Agent Pipeline
Last updated
Last updated
The goal of the Agent Pipeline is to automate aspects of our system, configurable by the end users of our system.
The automation pipeline is based heavily on Huginn, a data pipeline tool for having "automated agents" that operate on your behalf. The best way to understand what the pipeline is trying to accomplish is to read and watch the tutorial as provided by Huginn.
From the baseline understanding provided above, here are the BIG things that are different about how our system works versus Huginn.
Events are stored in Cassandra. The implications of this are significant. How Huginn sorted and queries for which events to process was primarily based on, and counting on, the idea that an event ID would be an integer. So, it would only retrieve events past a sequence number. Cassandra IDs cannot be used this way.
Our events/links have "groups" on them that indicate conditions of the event.
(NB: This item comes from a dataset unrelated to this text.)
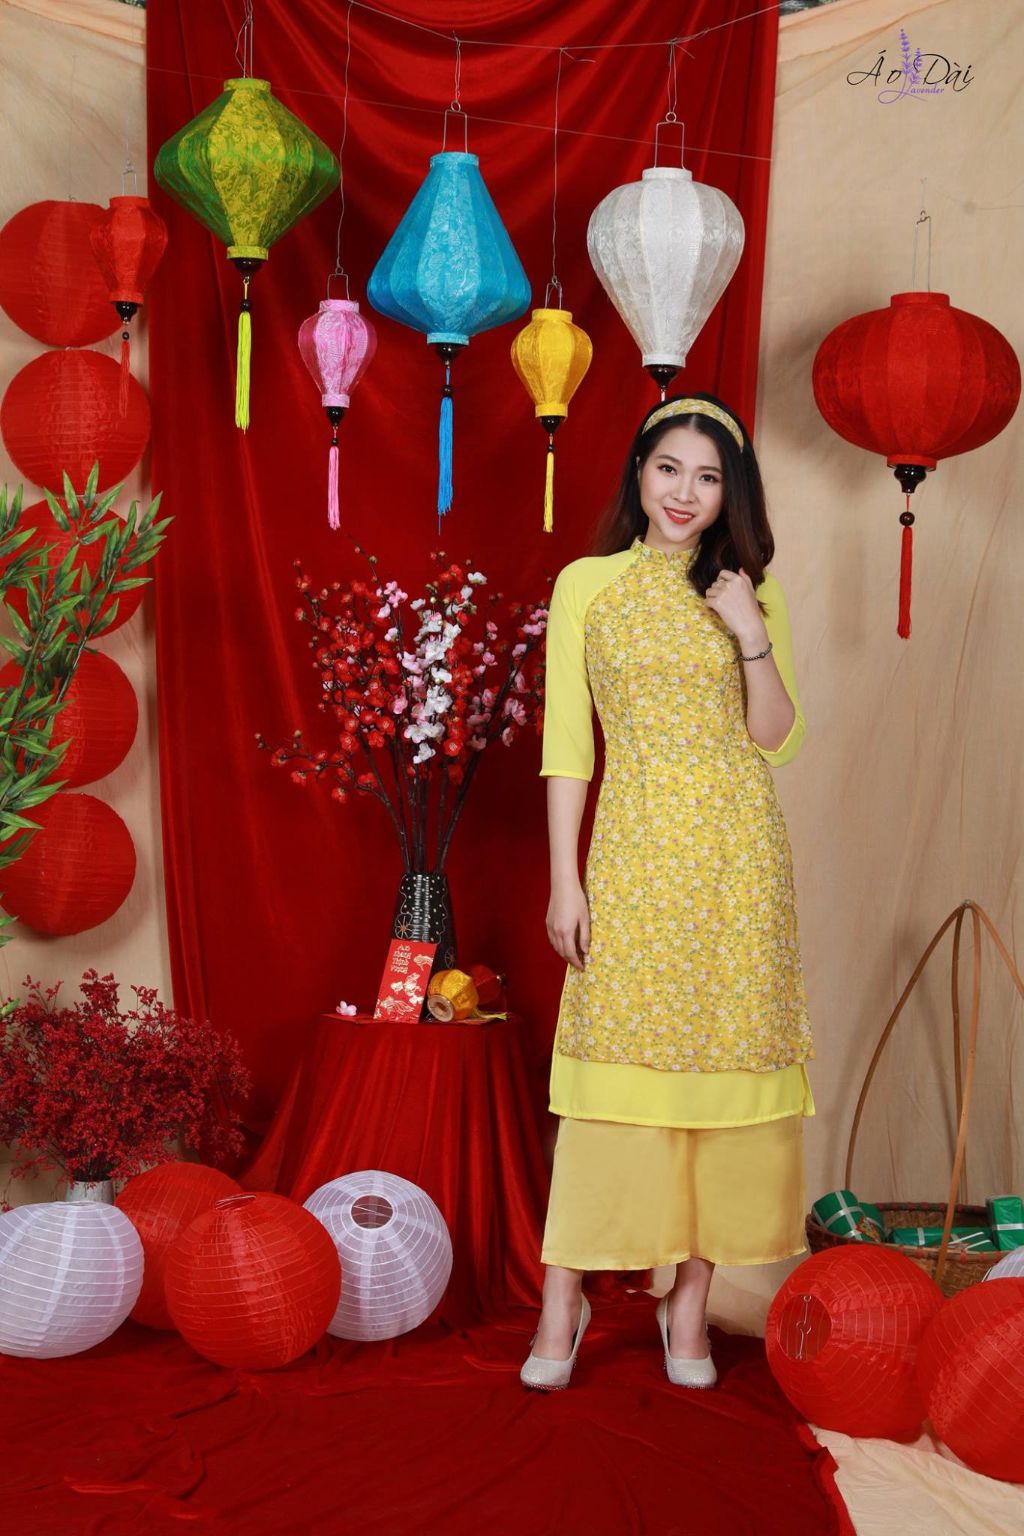 Các cửa hàng cho thuê áo dài ở Hà Nội, ngày nay đã biến tấu và thay đổi nhiều về kiểu dáng, màu sắc với những tông màu rực rỡ như cam, hồng, vàng, tím, trắng,…

For example, if you have an Email agent and it receives an email, it will pass an event that it received an email, like Huginn. But unlike Huginn, ours will also have a group tag of "on_receive" that is used to filter the event to only be handles by downstream agents that want an "on_receive" event from its upstream agent. This is a core difference, and fundamental to how our system runs.
Our system can "split" the stream to do split tests, Huginn could not. In Huginn, everything has to be passed to every downstream agent. Obviously for use cases like a traditional marketing split test, this doesn't work. So, we added the concept of "event groups" to Huginn. These event groups essentially let you split the stream. Downstream agents can choose to take "all" of the events from their upstream agents. Or, they can listen to a subset. This is handled with an "event group". This also means we have had to implement things like "merge" to merge them all back together again.
Projects/Workflow. Huginn is all in one "space." There is no concept of walled off events or sections. In our automation system, you have a "Workflow" that contains an automation. This keeps them separate, and lets you measure metrics/performance for each workflow you're running. A single project can have multiple workflows. And, a single person/team can have multiple project.
GUI. Huginn does not have a GUI. Instead, it relies on you to configure JSON configuration hashes in its UI. We have a drag and drop graphical workflow builder.
Agents - which are the primary component of the system.
Links - which are the connections between agents (shown in the diagram above as a Connection as this is what it's called in the V1 production version). In v2, they are called Links.
Events - which are an event that is happening in the system.
An agent can source or receive events, and processed these events and passes NEW events downstream. If an agent sources an event, they will create the event with their OWN id, and potentially tags of "groups" which indicate a particular status of event. For example, if we have an EmailChecker agent, it would pass an event when it receives a new message in the inbox. This message would have a group tag that was "on_receive" to indicate that it was a message that was received.
Agents can process events two ways. The first is by the #check method. This is what is called when an agent has a schedule. The schedule calls the check method, to see if it needs to perform any action. The action is checked, which should create events. For example, if I have an agent set to run every 5 minutes, it will call the check action on the agent every 5 minutes.
The other is by "reacting" to the upstream agent. When an upstream agent creates an event, there is an "notify!" called which creates a job that "routes" the event to the right agents for further processing. This job reads the event, the source agent, and its links, and finds the agents that are expecting to #receive events from this agent (with the appropriate groups). Then, a job is created for the agent to handle this event. All of this is done with ActiveJob on top of Sidekiq. This is performed using PubSub processing using Whisper.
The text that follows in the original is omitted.